Core Memory System Benchmark

A comprehensive evaluation framework for the CORE using the LOCOMO benchmark. This repository allows anyone to reproduce our benchmark results and compare their own memory systems against Core's performance.

🏆 Benchmark Results

Core demonstrates strong performance across all question categories in the LOCOMO evaluation:

Single Hop Questions: 91% accuracy
Multi Hop Questions: 85% accuracy
Open Domain: 71% accuracy
Temporal: 88% accuracy
Overall Average: 85% accuracy

Comparison with other memory systems (mem0, memobase, zep) shows Core's consistent high performance across all categories.

🚀 Quick Start

Prerequisites

Node.js 16+
OpenAI API key
Core memory system running (or your own memory system API)

Installation

git clone https://github.com/RedPlanetHQ/core-benchmark.git
cd core-benchmark
npm install

Configuration

cp .env.example .env

Edit .env with your settings:

# OpenAI API Configuration
OPENAI_API_KEY=your_openai_api_key_here

# Core Memory System API
API_KEY=your_core_api_key
BASE_URL=http://localhost:3033

Ingest Conversations

Before running evaluations, you need to ingest the LOCOMO conversations into your memory system:

node locomo/ingest_conversations.js

This will:

Load conversations from locomo/locomo10.json
Send conversation data to your memory system's /api/v1/ingest endpoint
Track ingestion progress to avoid duplicates
Prepare your memory system for evaluation

Run the Benchmark

npm run evaluate

This will evaluate your memory system against the LOCOMO dataset and output detailed performance metrics.

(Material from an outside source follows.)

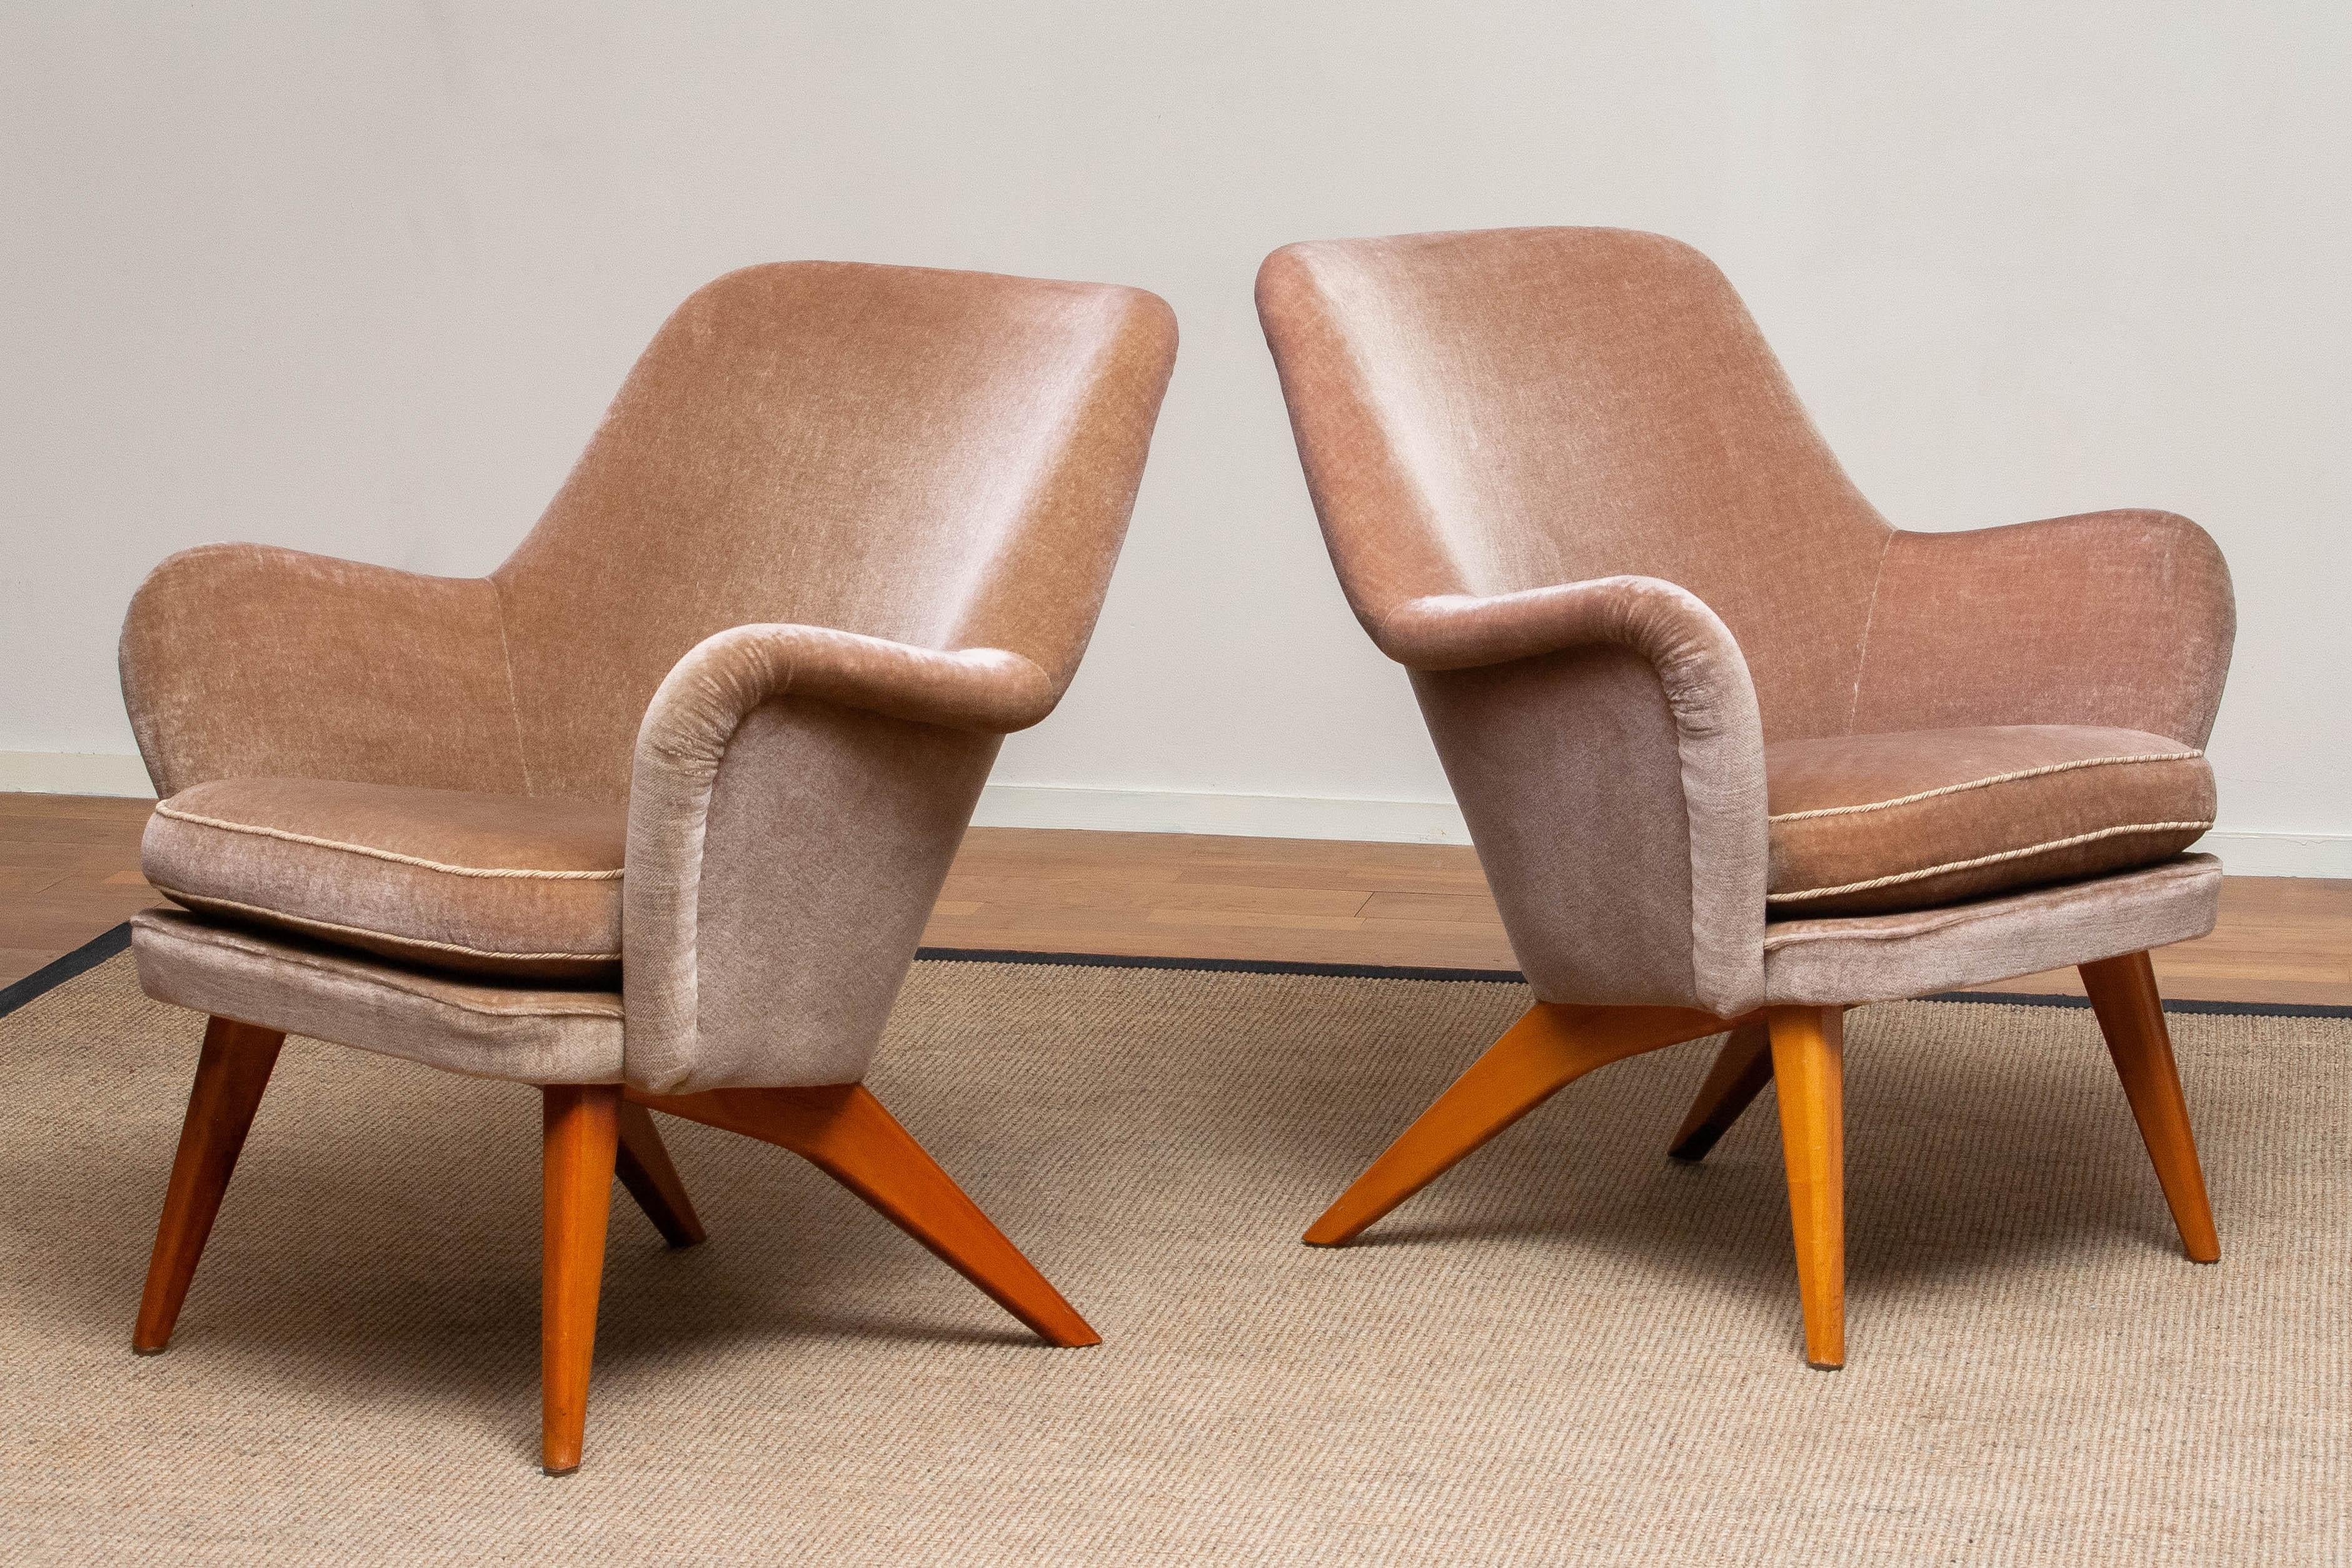 Mid-20th Century 1950s a Pair of Pedro Chairs by Carl Gustav Hiort af Ornäs, Finland

📊 What This Benchmark Tests

The LOCOMO benchmark evaluates memory systems across four critical dimensions:

Single Hop Questions (91% - Core)

Direct factual recall from conversation history.

Q: "What restaurant did Sarah recommend?"
Expected: "Chez Laurent"

Multi Hop Questions (85% - Core)

Complex reasoning across multiple conversation turns.

Q: "Based on the budget discussion, what's the revised timeline?"
Expected: "Pushed to Q3 due to 30% budget cut"

Open Domain Questions (71% - Core)

Questions requiring both memory and general knowledge.

Q: "What are the risks of the approach they discussed?"
Expected: "Market volatility and regulatory changes"

Temporal Questions (88% - Core)

Time-sensitive queries and chronological reasoning.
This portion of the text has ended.